**WORK INSTRUCTIONS:**
Each line below must be set down exactly; omit any image you find.

**DATA SHOWN:**

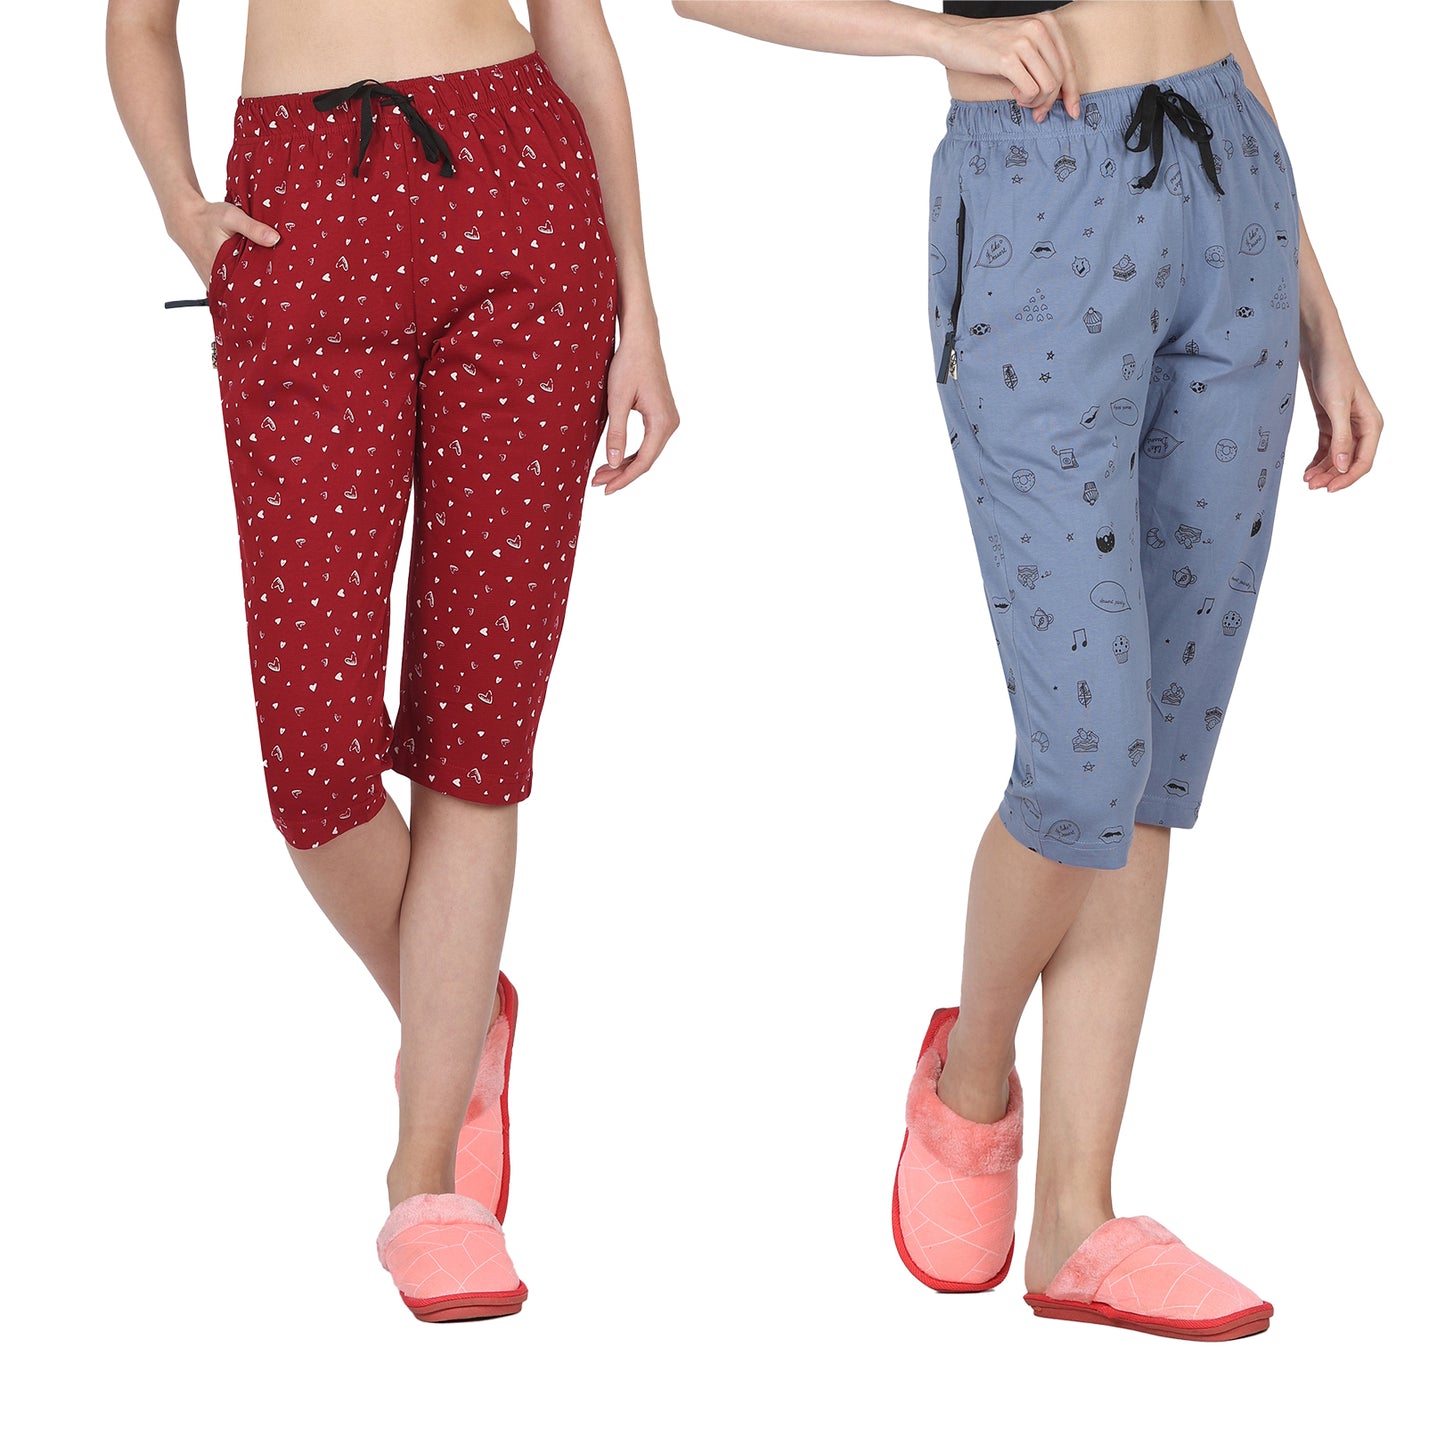 Eazy Women's Printed Capri Pants- Pack of 2- Cherry Red & Steel Blue
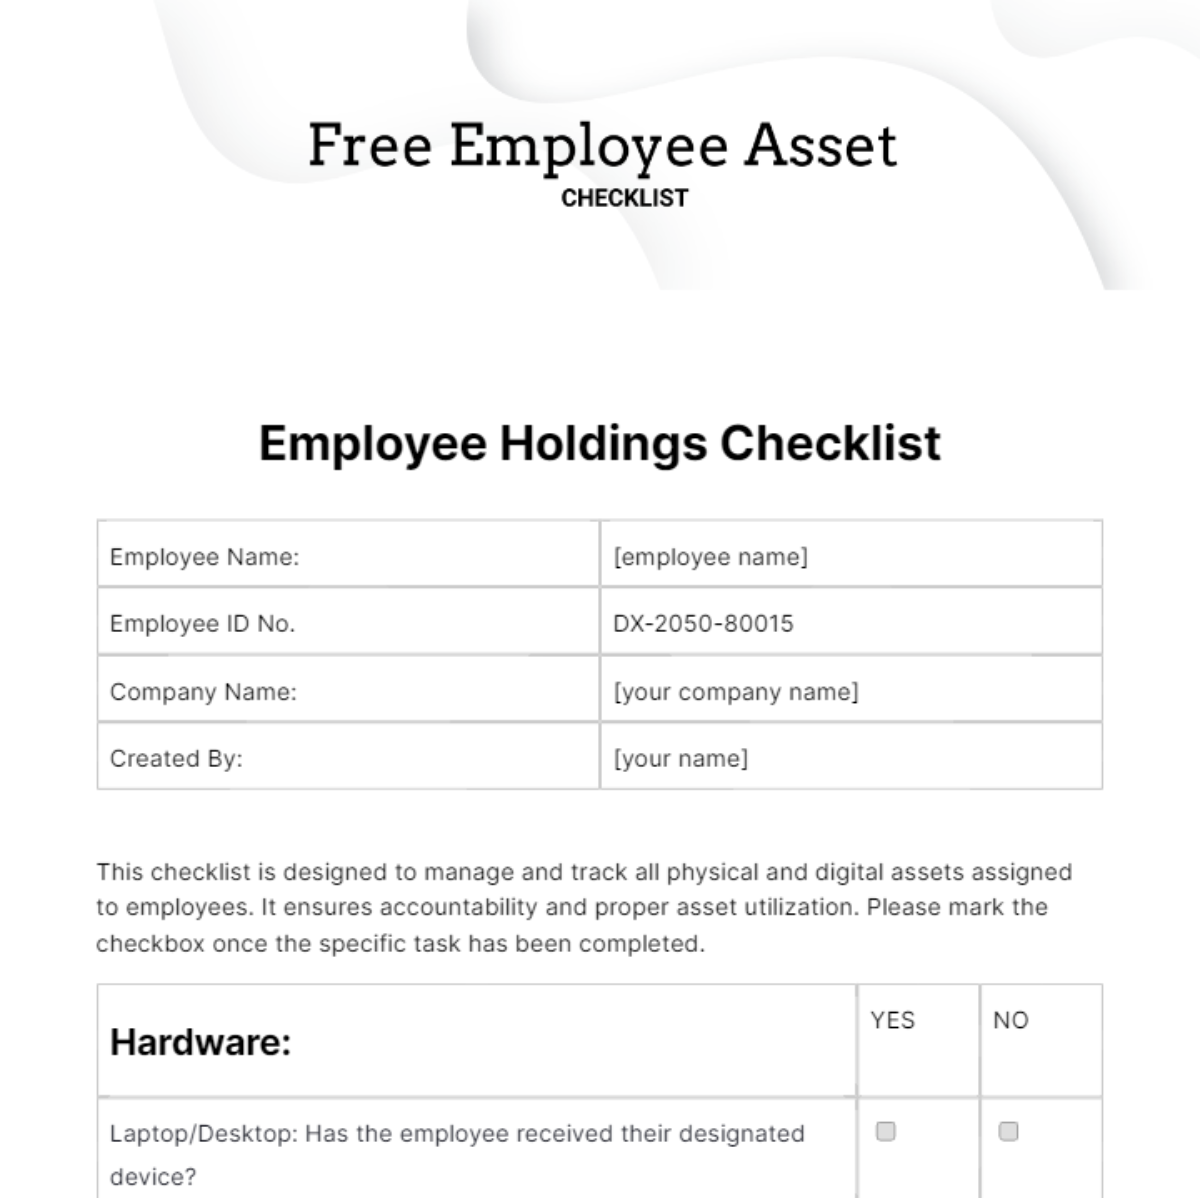 Free Employee Asset Checklist Template
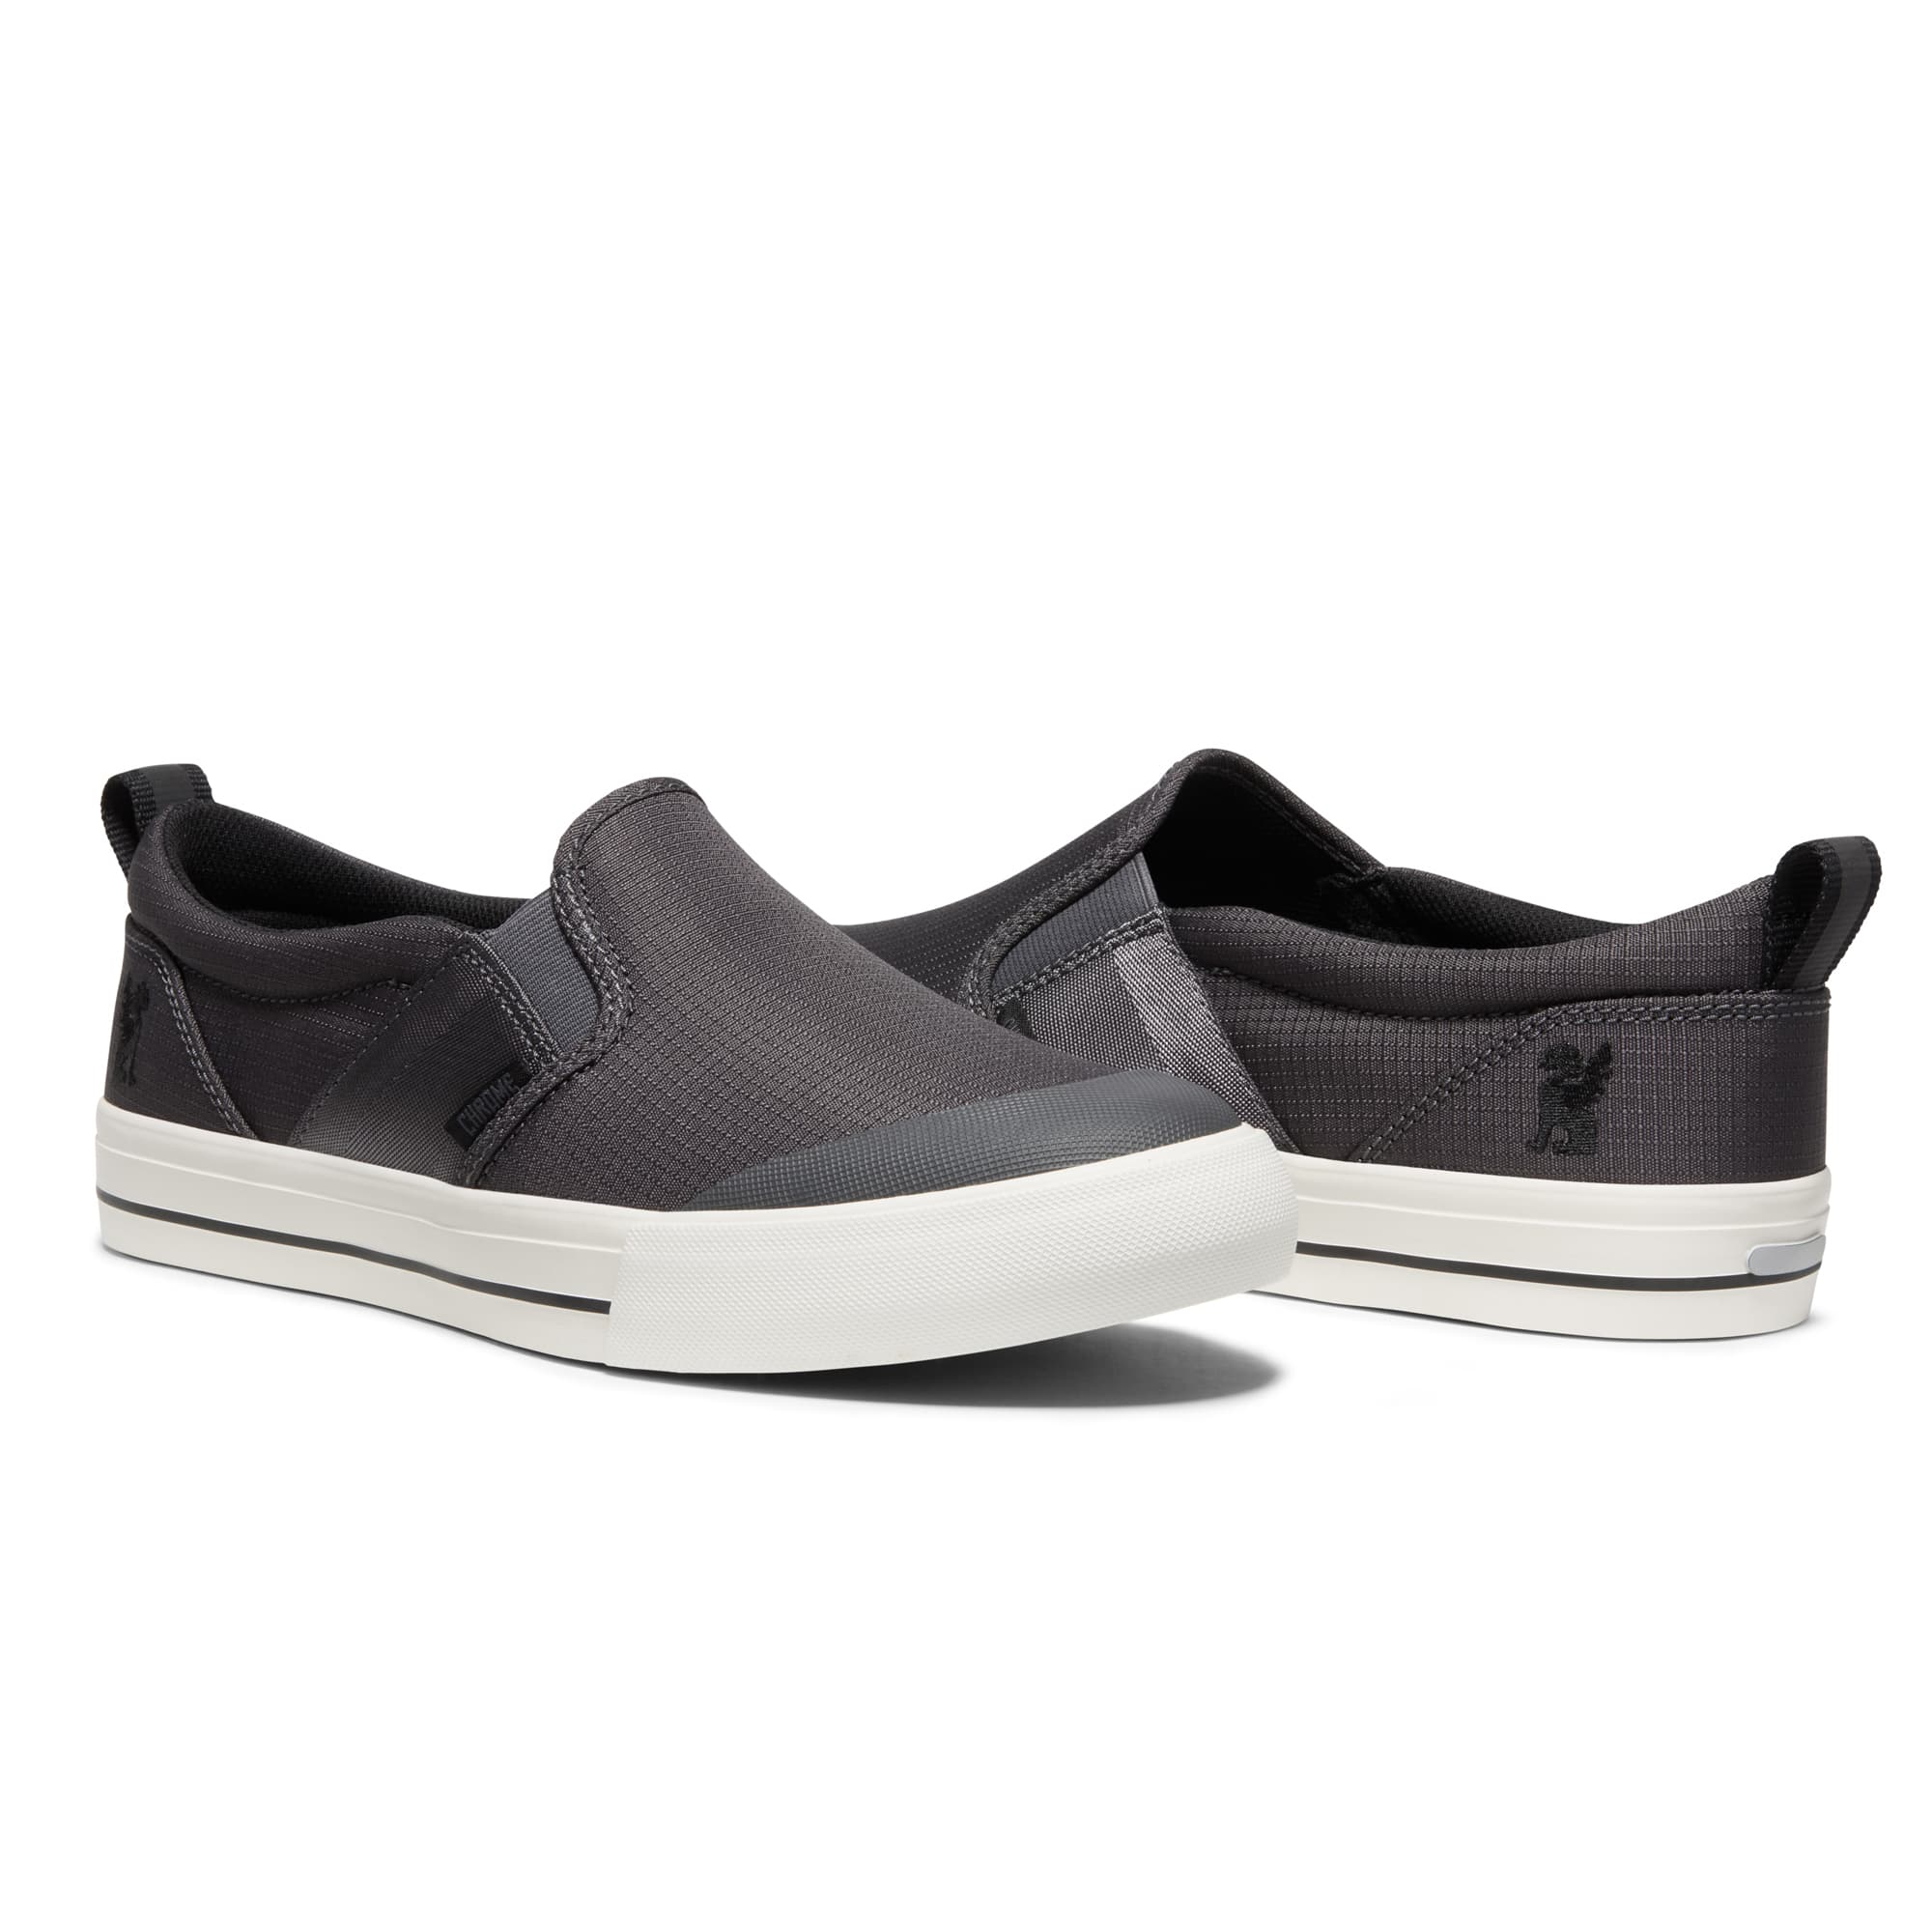 Dima 3.0 Slip-On Sneaker in grey side view #color_grey ripstop

**EXERCISE RESPONSE:**
 Eazy Women's Printed Capri Pants- Pack of 2- Cherry Red & Steel Blue
 Free Employee Asset Checklist Template
 Dima 3.0 Slip-On Sneaker in grey side view #color_grey ripstop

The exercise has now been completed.